Methods Lung Master Protocol (Lung-MAP) is an NCI-sponsored public-private partnership evaluating new therapies for previously-treated advanced stage NSCLC. In this analysis, 320 SCC patients from sub-studies S1400A (n=68; durvalumab) and S1400I (n=252; nivolumab ± ipilimumab) had tissue CGP data by Foundation Medicine. 204 patients from S1400A (n=43; SP263) and S1400I (n=161; 28–8 pharmDX) had PD-L1 IHC. We evaluated TMB (0–9, 10–20, >20 mut/Mb), PD-L1 IHC, HLA loss of heterozygosity (LOH) of ≥ 1 gene (evaluable for n=206), mutations in KEAP1/NFE2L2, DNA damage response genes,ARID1A, and loss of CDKN2A as potential ICI biomarkers. Wilcoxon and Fisher’s exact tests assessed association between continuous TMB/PDL1 IHC (<1%, 1–49%, ≥50%) and each binary biomarker, and between pairs of binary markers. Cox proportional hazards model evaluated the association between each biomarker and OS/PFS, adjusting for age, sex, smoking status, and stage. Based on significance (at the nominal 0.1 level without correction for multiplicity) from univariate analysis, multiple combination signatures were analyzed using a predetermined scoring system. Biomarkers in the most significant combination signature was further examined by adjusting for TMB and PD-L1, to demonstrate if they provided additional value.

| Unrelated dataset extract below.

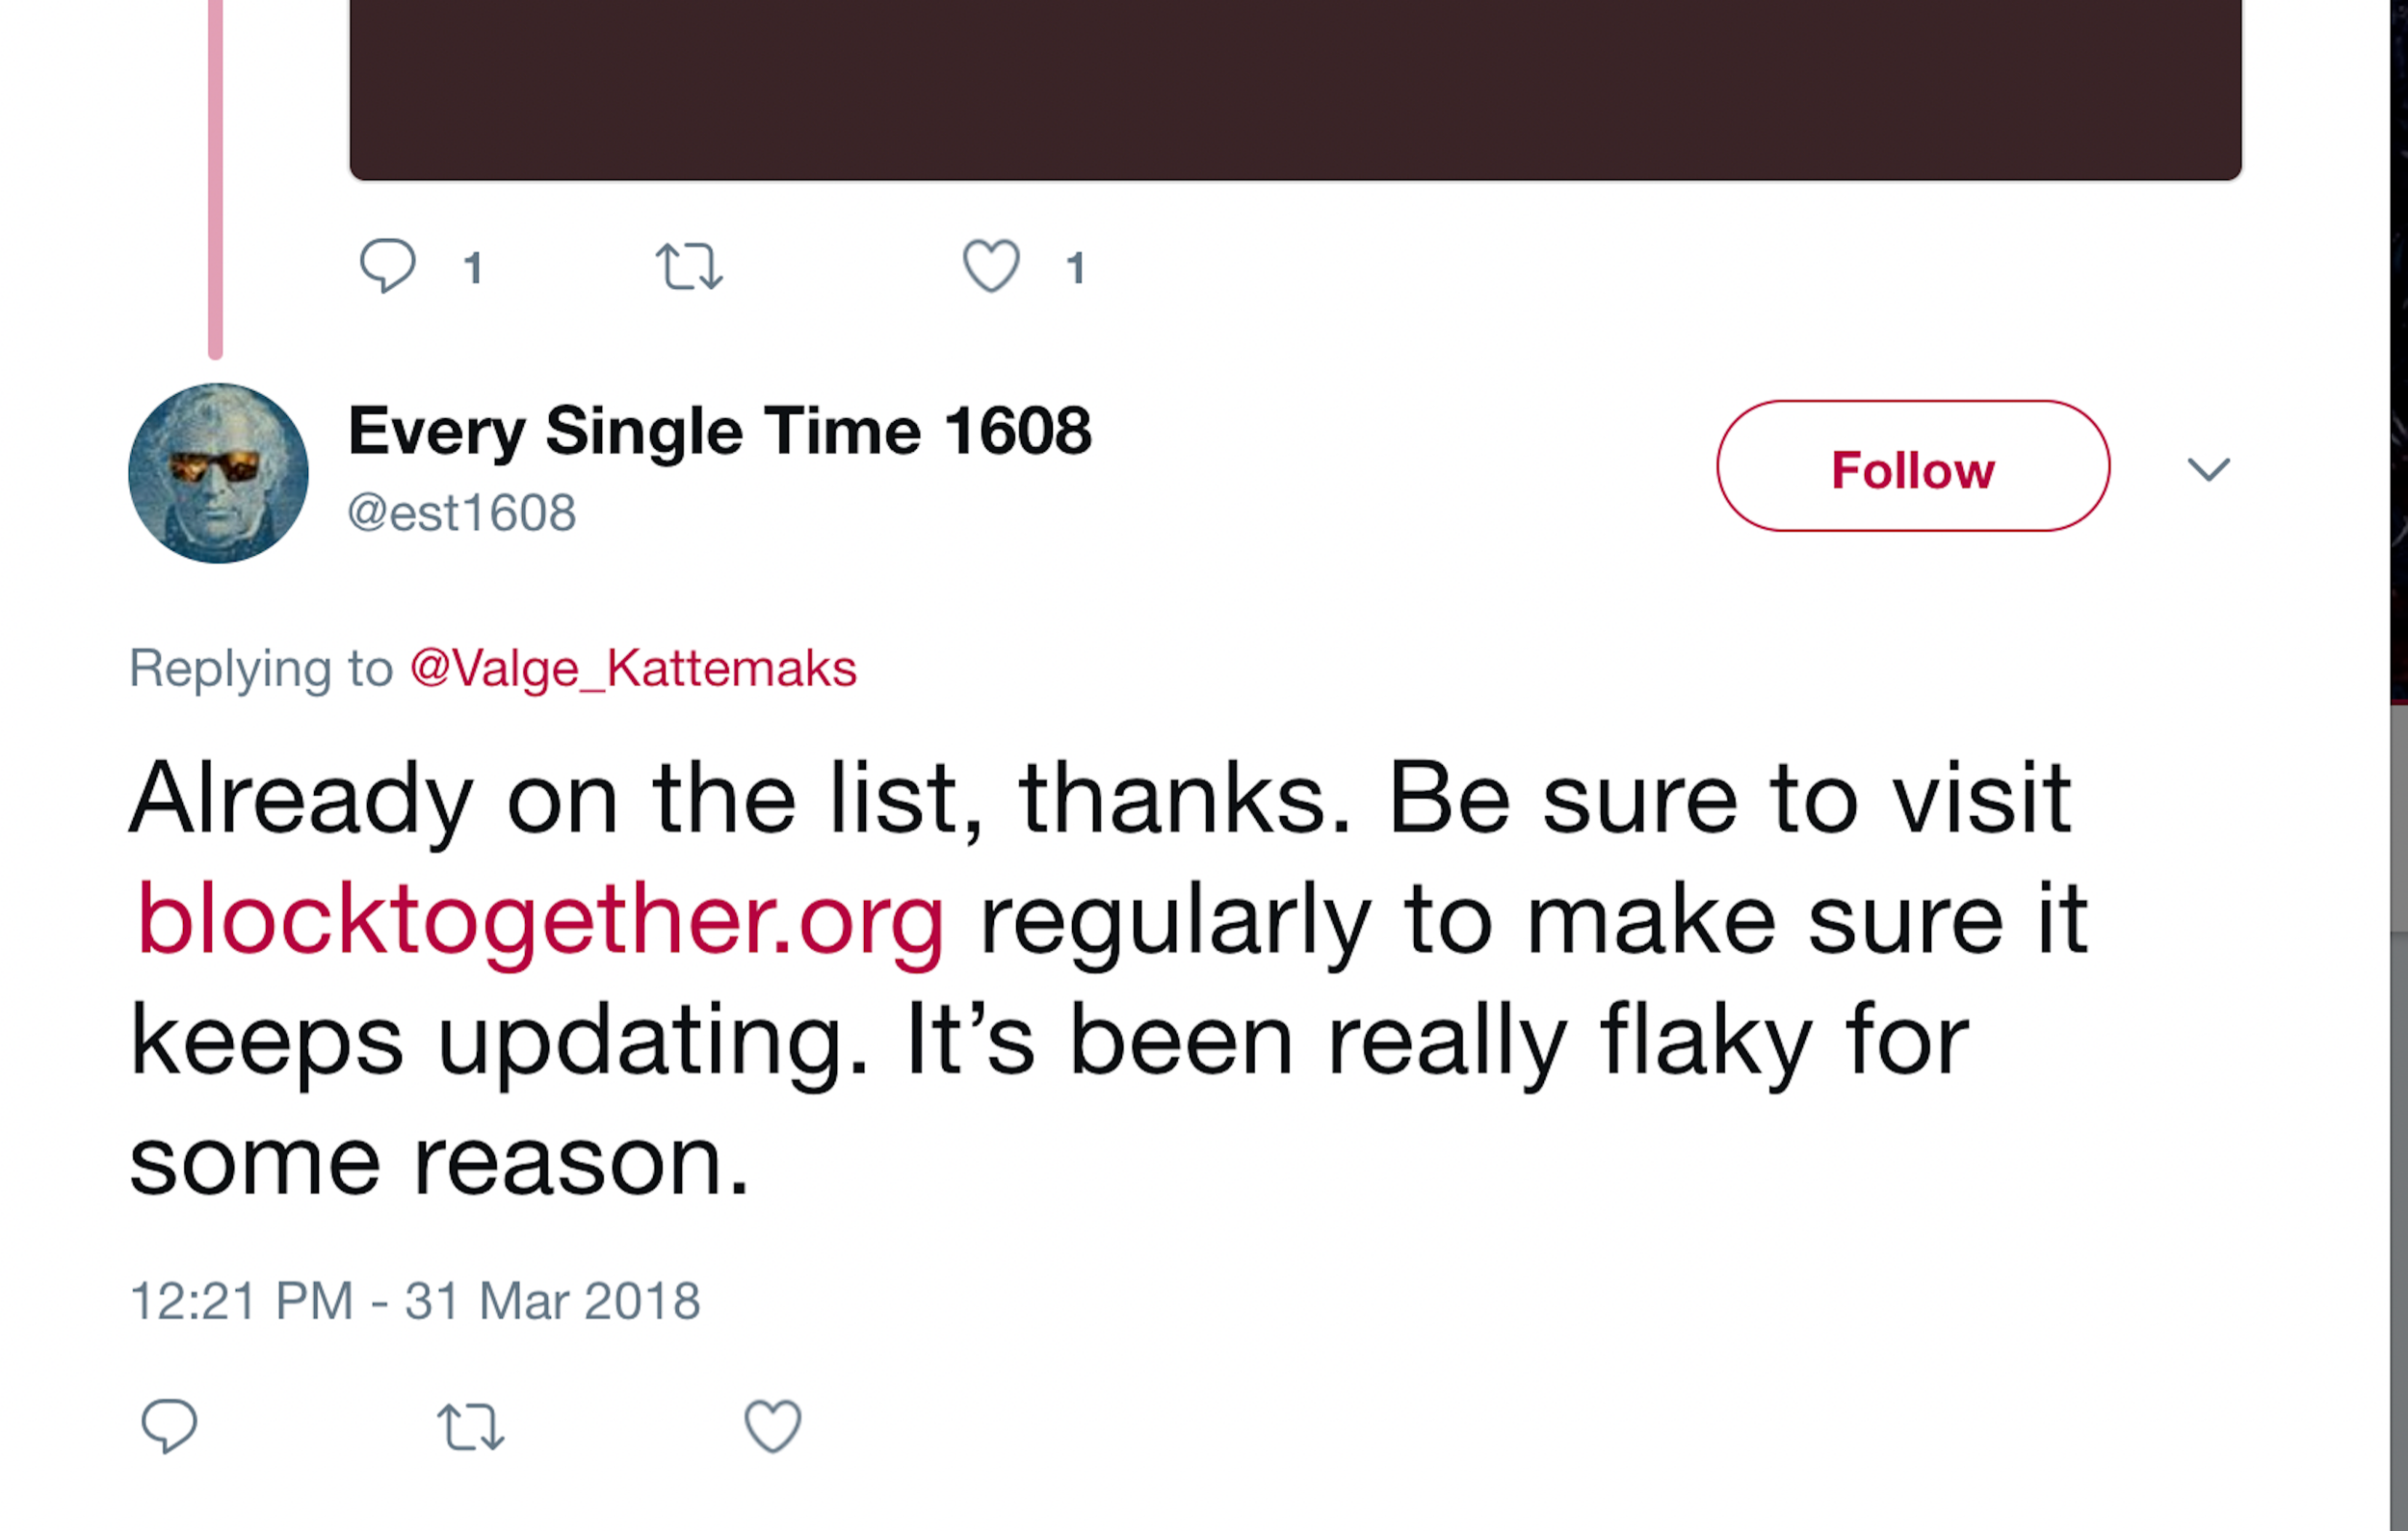 Woe tweet advertising his blocktogether list, saying people should "visit regularly to make sure it keeps updating" because "it's been really flaky for some reason."
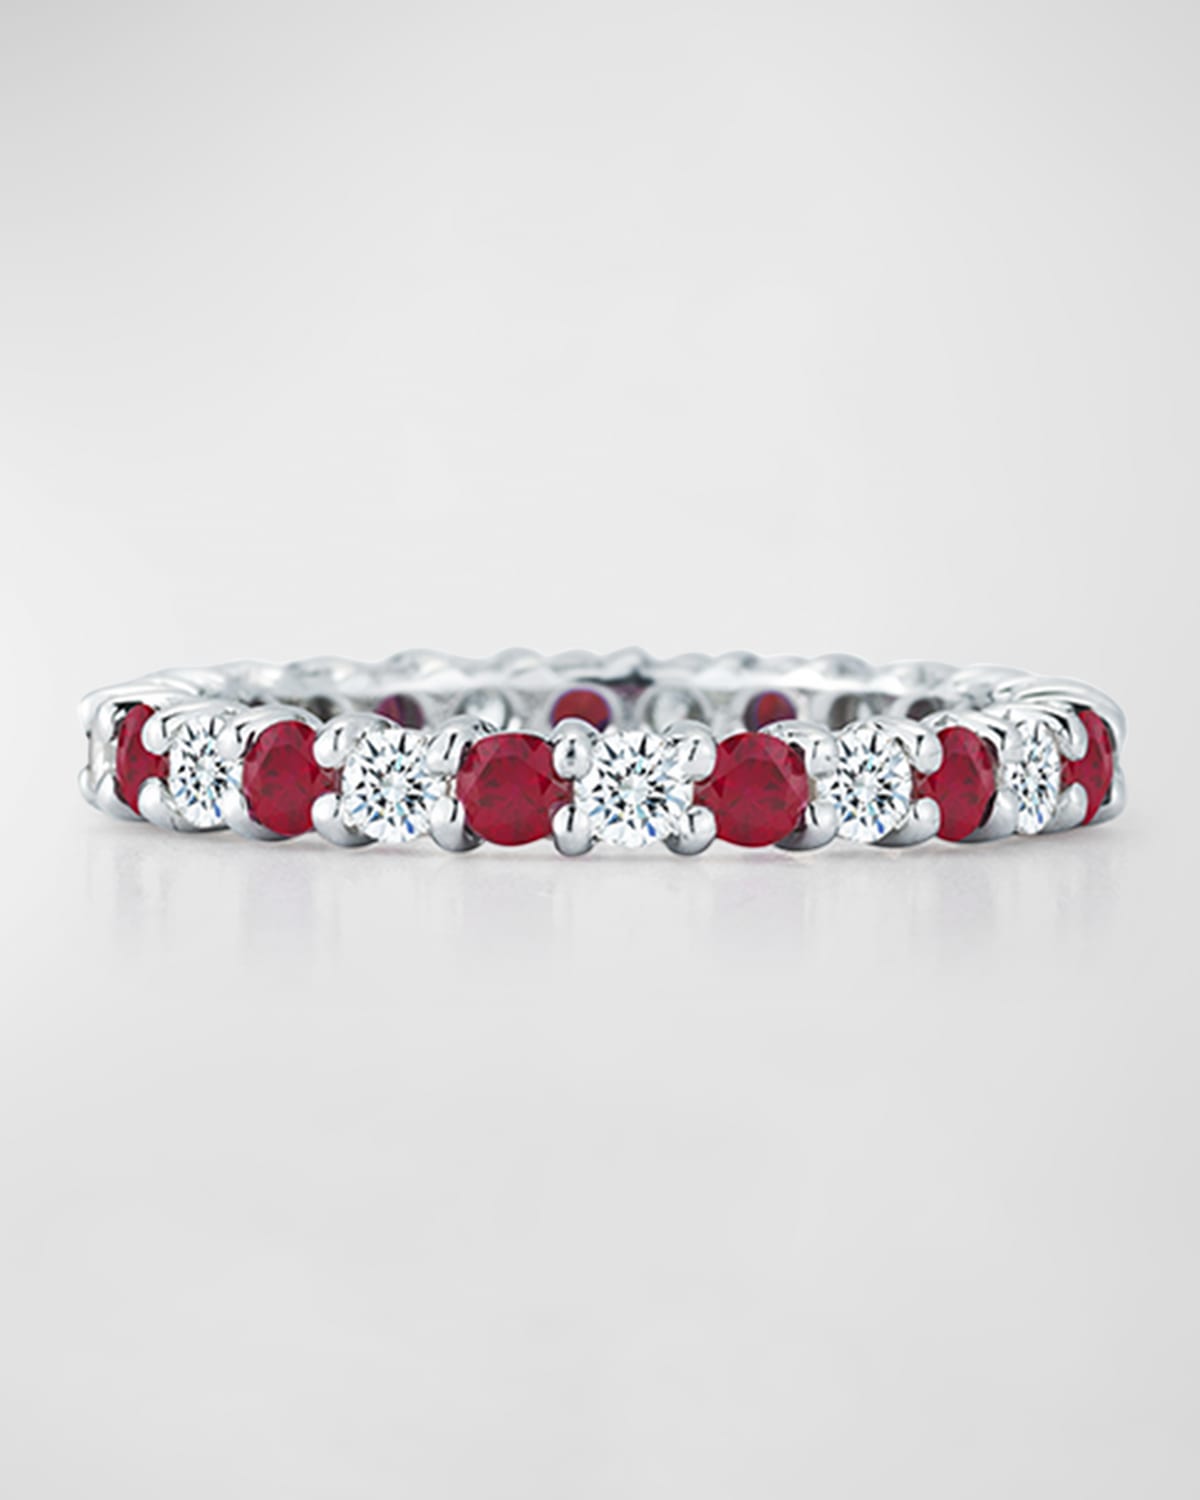 NM Diamond Collection Ruby & Diamond Eternity Band in Platinum, Size 6.5

Results Despite associations between TMB and ARID1A mutations (P = 0.009), PD-L1and KEAP1/NFE2L2 mutations (P = 0.007) and ARID1A mutations and KEAP1/NFE2L2 mutations (OR = 2.89; 95% CI, 1.43 – 5.91, P = 0.0016), the magnitude of correlation was modest, thus representing complementary predictors. Higher TMB (>20 vs. 10–20 vs. 0–9) was the most significant positive predictor of OS (HR=0.79; 95% CI, 0.65–0.95, p=0.01). A composite combinatorial signature (ICIsig) inclusive of TMB, PD-L1, HLA LOH, ARID1A, and KEAP1/NFE2L2 mutations was associated with better OS (HR=0.76; 95% CI, 0.63–0.92, p=0.005) and PFS (HR=0.84; 95% CI, 0.70–0.99, p=0.048). Landmark 3-year OS rates were 29% vs. 6% in ICIsig high vs. low. ICIsig high represented 39% of the evaluable population.

Conclusions We show that a composite ICIsig extending beyond TMB and PD-L1 captures NSCLC patients benefiting from ICI therapy more effectively than single biomarkers. ICIsig could inform treatment selection in today’s rapidly expanding therapeutic landscape. Validation from a large randomized Phase III trial is ongoing.

Acknowledgements We would like to acknowledge funding from: NIH/NCI grants U10CA180888, U10CA180819, U10CA180820, U10CA180821, U10CA180868; and by AstraZeneca and Bristol-Myers Squibb Company, through the Foundation for the National Institutes of Health, in partnership with Friends of Cancer Research.